Conversion - OPC to Private or Public Company (Section 18)

# Conversion of OPC into a Private or Public Company

Governing Section: Section 18 of the Companies Act, 2013.

A One Person Company (OPC) — characterised by a single member — can voluntarily upgrade itself into a Private or Public company. The shift requires meeting the new class's minimum-number thresholds and altering constitutional documents.

## Stepwise Procedure

### Step 1 - Increase Membership and Directors

First, scale up the headcount to satisfy the new class's minimum:

Conversion TargetMinimum MembersMinimum Directors
Private Company22
Public Company73

### Step 2 - Pass Resolutions

Pass resolutions for alteration of the Memorandum and Articles to reflect the new company type.
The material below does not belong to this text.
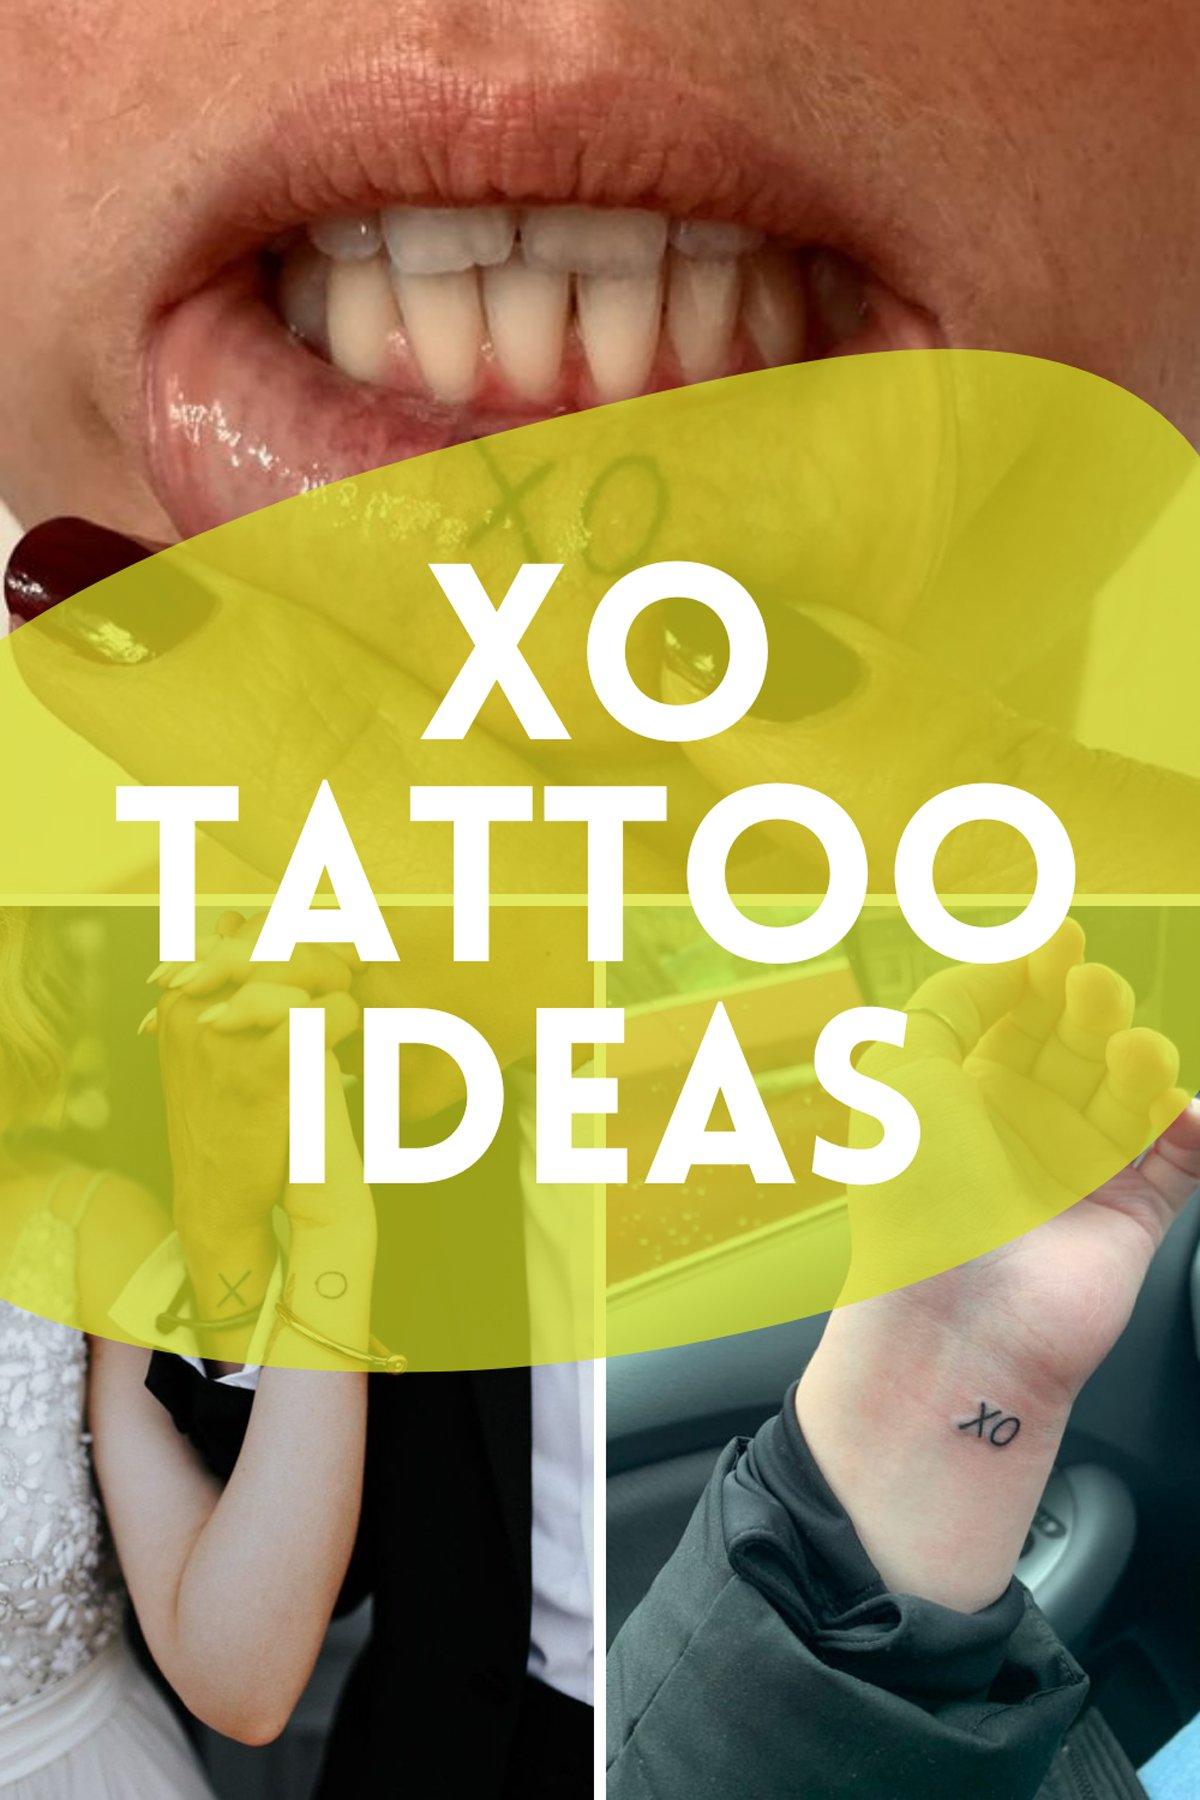 XO Tattoo Ideas

### Step 3 - Application to Registrar

File an application to the Registrar of Companies.

### Step 4 - Verification and Fresh Certificate

The Registrar:

  • Shall verify that all provisions applicable for registration of companies have been complied with;
  • Close the former registration of the company; and
  • Issue a fresh certificate of incorporation reflecting the new status.

## Memory Hook

'Scale - Resolve - Apply - Re-register'

  • Scale up members/directors to required minimums
  • Resolve to alter MOA and AOA
  • Apply to Registrar
  • Re-register via fresh COI

Worked example

### Example 1

Example 1 - OPC to Private: XYZ (OPC) Ltd. has 1 member and 1 director. To convert into a Private company: (a) Induct one more member (now 2) and one more director (now 2); (b) Pass resolutions altering MOA and AOA; (c) File application with the Registrar; (d) Registrar issues fresh COI as 'XYZ Private Limited'.

### Example 2

Example 2 - OPC to Public: PQR (OPC) Ltd. wishes to convert into a Public company. It must increase members to at least 7 and directors to at least 3, then pass alteration resolutions, file the application, and obtain a fresh COI.

⚠️ Common exam mistakes

  • Using wrong thresholds — the minimum members for OPC → Private is 2 (not 7), and for OPC → Public is 7.
  • Forgetting that fresh COI is issued — the company gets a NEW certificate after conversion.
  • Skipping the resolution for alteration of MOA and AOA — both documents must be altered to reflect the new class.
  • Confusing OPC voluntary conversion (Section 18) with mandatory conversion triggers (paid-up capital/turnover thresholds under earlier rules — which have now been relaxed).
Bare-Act text Section 18 · Companies Act, 2013 · click to expand
A company of any class registered under this Act may convert itself as a company of other class under this Act by alteration of memorandum and articles of the company in accordance with the provisions of this Chapter. The Registrar shall, on an application made by the company, after satisfying himself that the provisions of this Chapter applicable for registration of companies have been complied with, close the former registration of the company and after registering the documents referred to in sub-section (1), issue a certificate of incorporation in the same manner as its first registration.